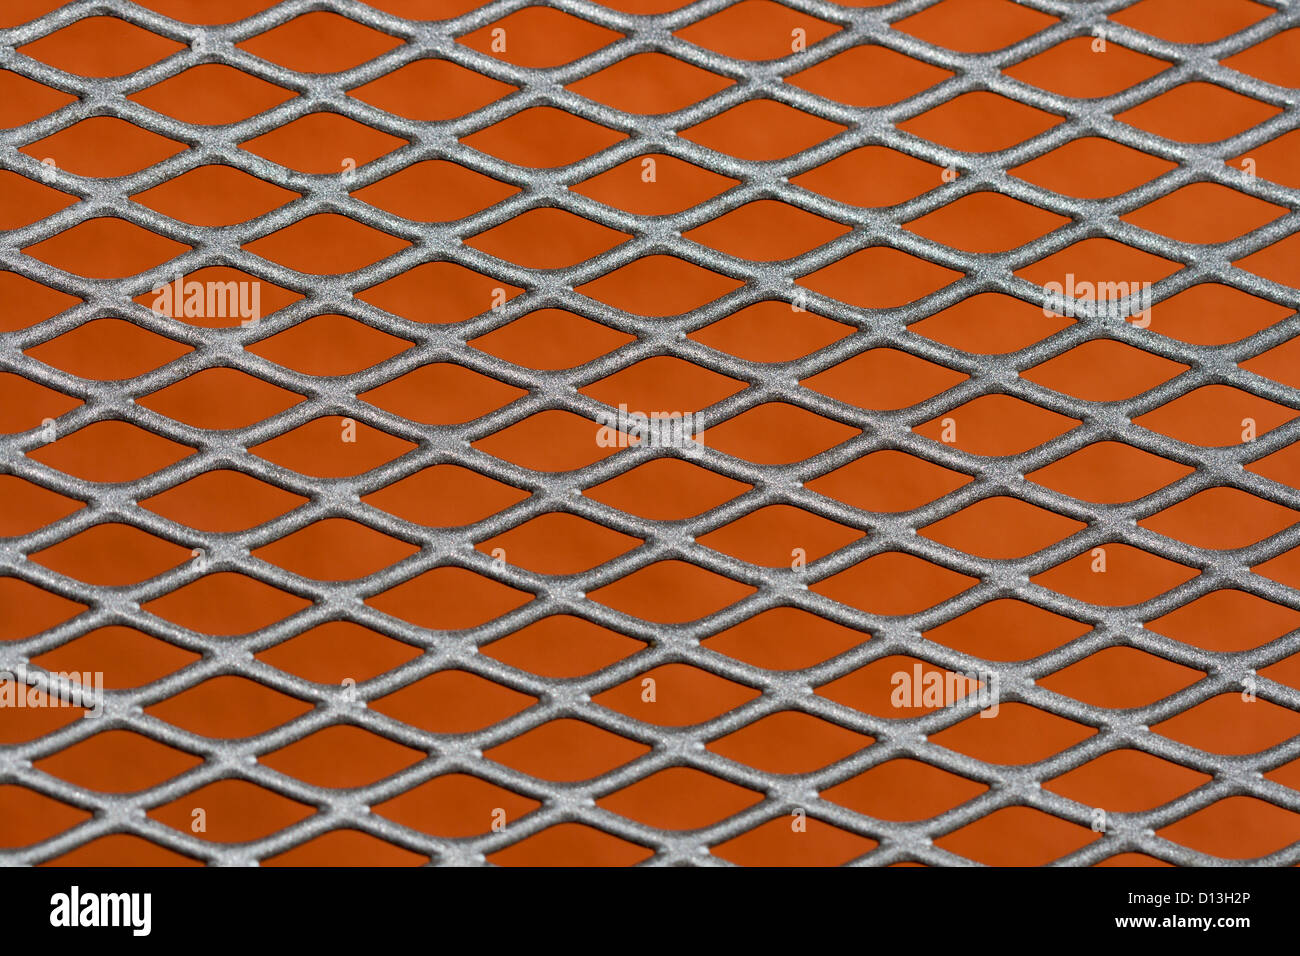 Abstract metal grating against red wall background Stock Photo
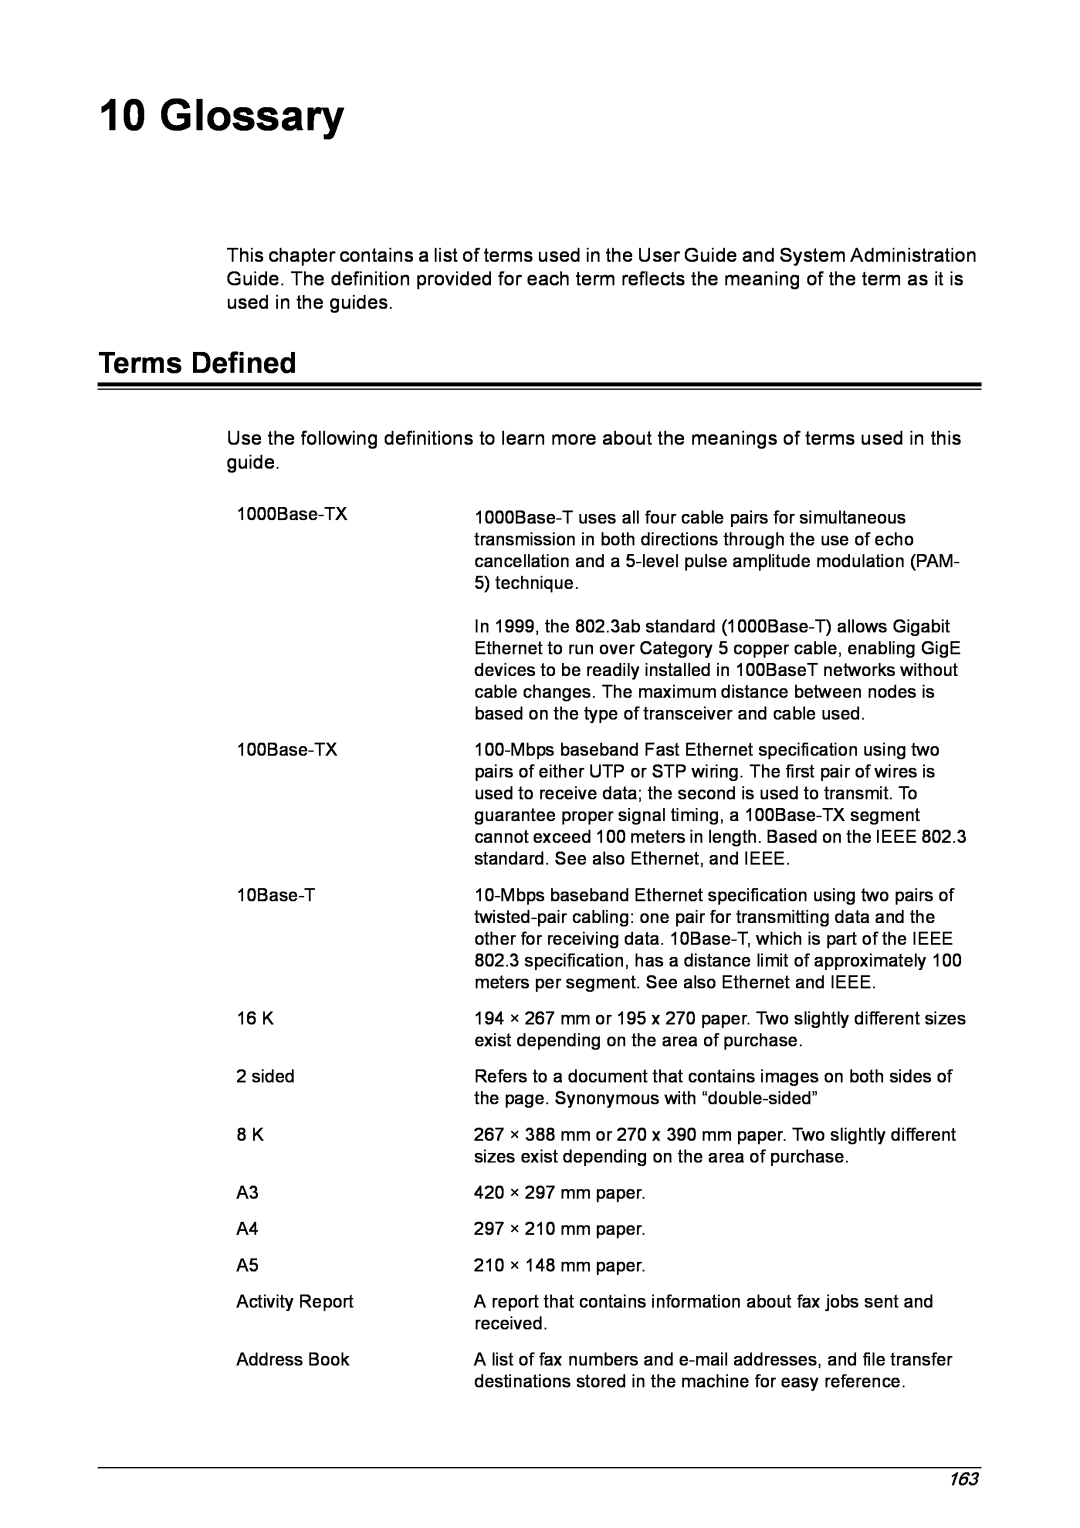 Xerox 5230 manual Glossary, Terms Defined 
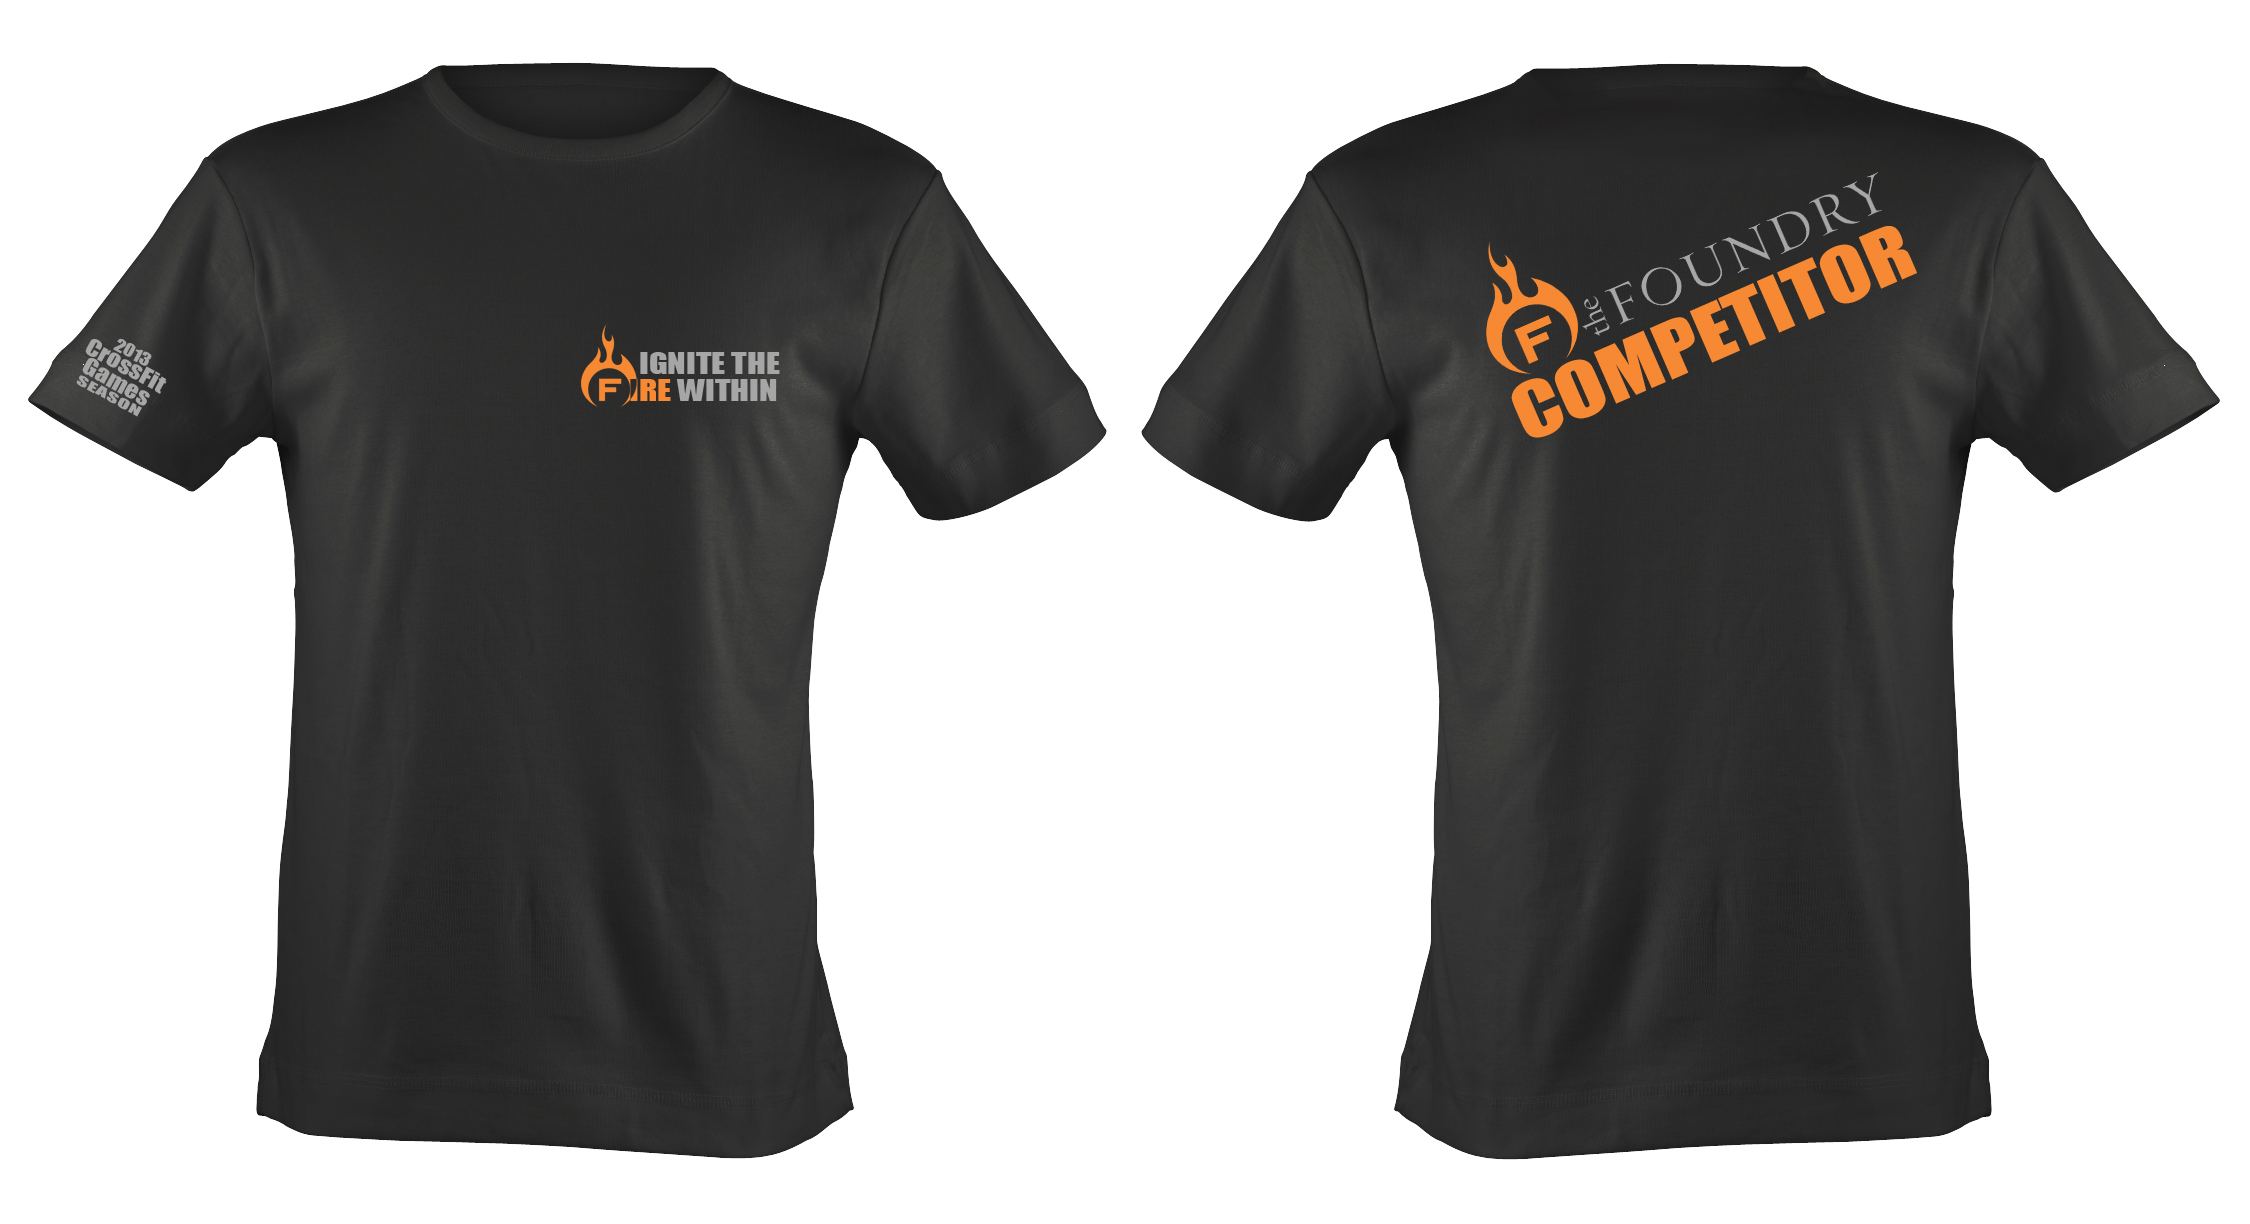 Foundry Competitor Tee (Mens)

▸ Aim of the task
I would like the data copied exactly as it stands, with no pictures included.

▸ Response to this task
 Abstract metal grating against red wall background Stock Photo
 Xerox 5230 manual Glossary, Terms Defined 
 Foundry Competitor Tee (Mens)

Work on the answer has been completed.